Hi searchpl,
If you are worried about "freshness" for ecommerce sites, there is one very important thing to do - eliminate wasted effort.
The fact is that what I call the "freshness effect" does not apply to every keyword term. Google appears to be determining whether fresh information is, or is not more relevant according to the individual term. If you manually check SERPs you will see this easily.
So, eliminating wasted effort while working toward providing new and relevant content all comes back to good old fashioned research. The smart approach is to spend some time manually checking SERPs for your "money" keywords. If you see evidence of the "freshness effect" for particular terms, those are the ones you could consider focusing new content development efforts on.

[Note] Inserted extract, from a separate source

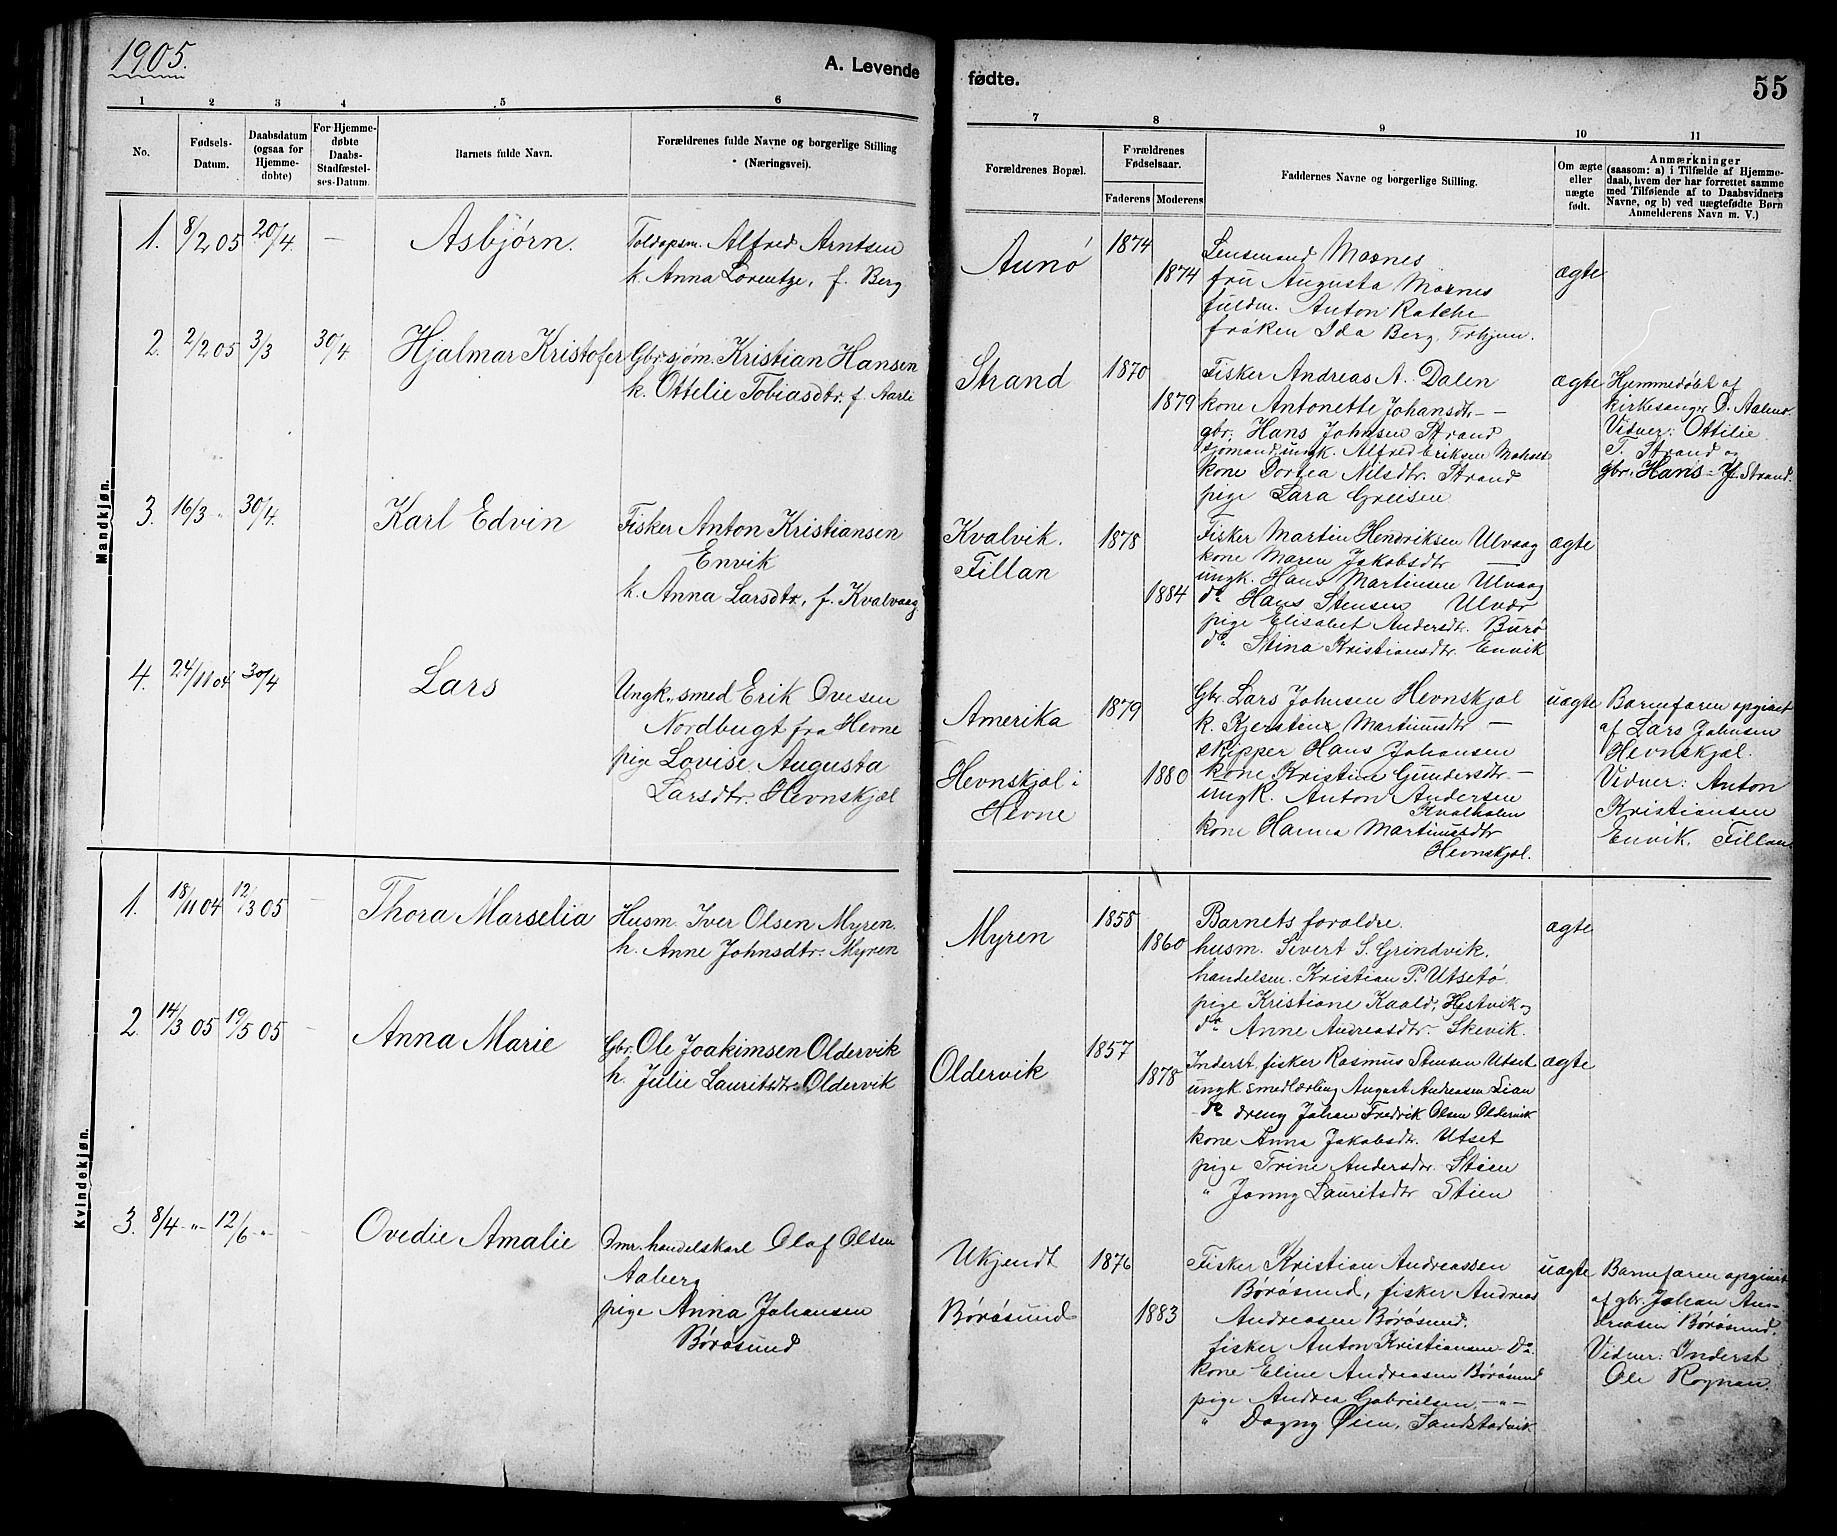 SAT, Ministerialprotokoller, klokkerbøker og fødselsregistre - Sør-Trøndelag, 639/L0573: Klokkerbok nr. 639C01, 1890-1905, s. 55
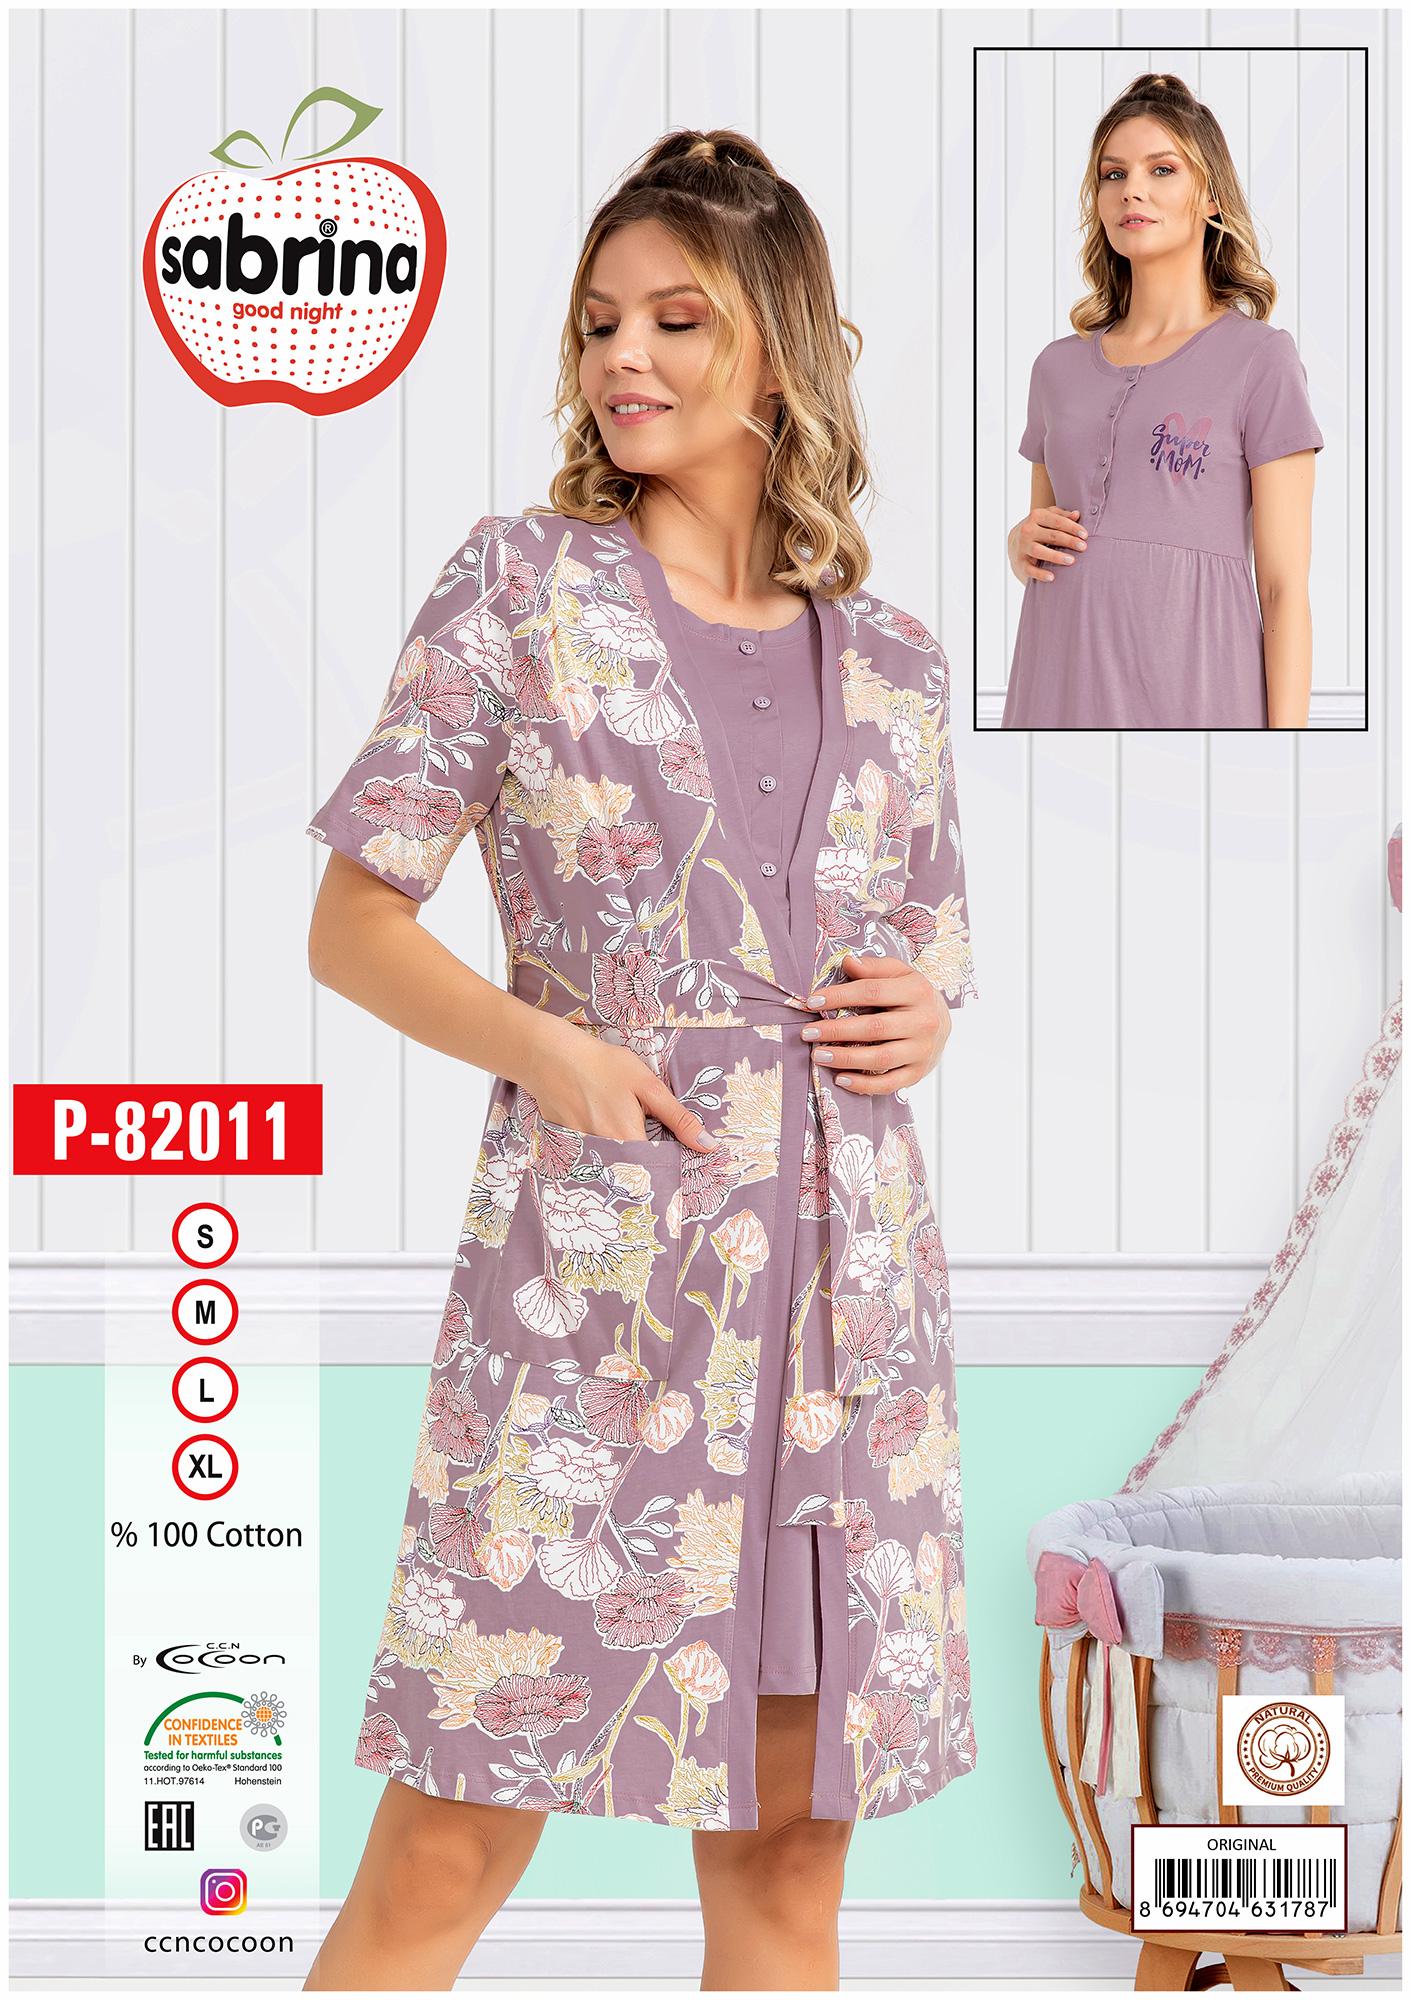 Комплект для беременных (халат + сорочка) P-82011 Sabrina

The keyword terms that might be affected will entirely depend upon the types of products in your stores - for example, I know that "weight loss" is a term where the "freshness effect" seems evident in SERPs.
Of course, if you decide to develop new content you should follow the advice already given by EGOL and James on quality and method. Incidentally, I would say the smart thing to do in this situation would be to come up with the type of content that is easy to add on a continuous basis - things like ongoing series, videos, podcasts, and cleverly managed user generated content.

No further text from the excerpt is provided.